Все немного стихли, точно прислушиваясь, — зовут их или не зовут красные книжки Максима Горького. Потом снова заговорили.
И этот, казалось, пустяковый разговор про обложки, фамилии, эти насмешливые возгласы мамок и шутливоодобрительные промежду собой толки застенчиво-сконфуженных мужиков, и эта вдруг установившаяся на какую-то минуту торжественная тишина у книжного шкафа, и, главное, всамделишная очередь за книгами, эти набожно снятые с голов картузы и шапки, потушенные, спрятанные в рукав цигарки и трубки — все-все было невиданно значительным, просто невозможным дивом из див-чудес, самым дорогим для Шурки и, может быть, и для Катьки.

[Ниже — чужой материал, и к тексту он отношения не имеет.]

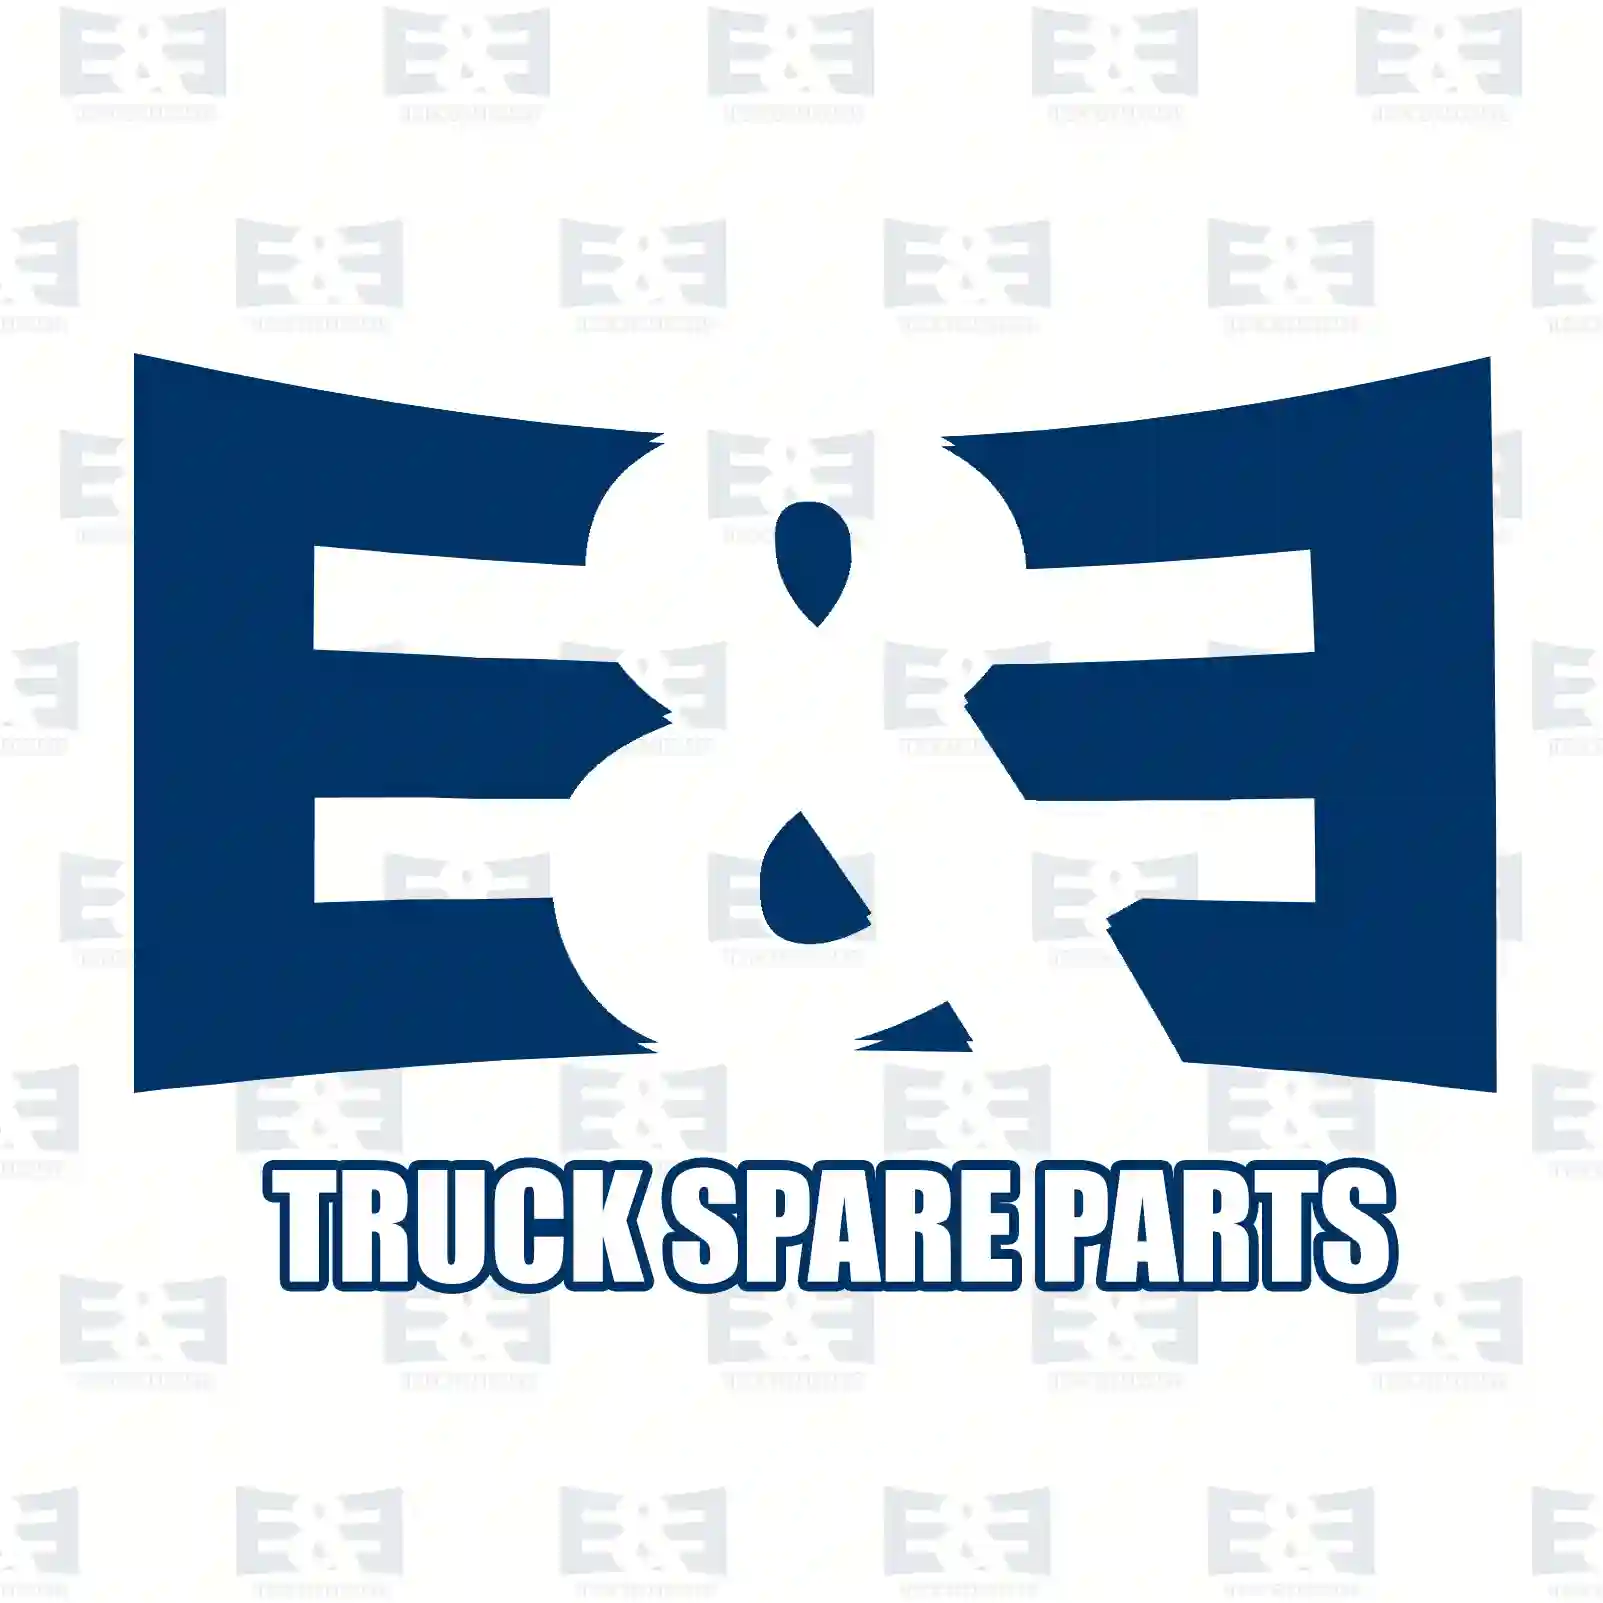 Cover, right, 2E2289296, 2324353 ||  2E2289296 E&E Truck Spare Parts | Truck Spare Parts, Auotomotive Spare Parts Cover, right, 2E2289296, 2324353 ||  2E2289296 E&E Truck Spare Parts | Truck Spare Parts, Auotomotive Spare Parts

— Слушай, — зажегся внезапно неслыханной придумкой Шурка, — давай и мы с тобой возьмем для батей по книжечке? Романы! И потихоньку, украдкой почитаем, а? Терпенья нет посмотреть, что за книги печатают для взрослых… Девки говорят, больно интересны романы… про любовь.
Катька покраснела.
— Татьяна Петровна не даст. Я пробовала.
— Какая ты непонятливая! Не нам — батям книжки! — втолковывал торопливо змей-соблазнитель, Кишка долговязая. — Они велели взять по книжечке, наши бати. Эвон тятька головой мне кивает, приказывает. Самому-то ему, без ног, неловко подползти к шкафу, затолкают… И дяде Осе одному скучно в шалаше, во мху… — Шурка запнулся, но тут же вышел из положения: — Я нечаянно сказал, ничего не знаю, ей-богу! Нету твоего отца в библиотеке, и все тут… А ему смерть как хочется почитать… Ну, живо! За мной! Не зевай!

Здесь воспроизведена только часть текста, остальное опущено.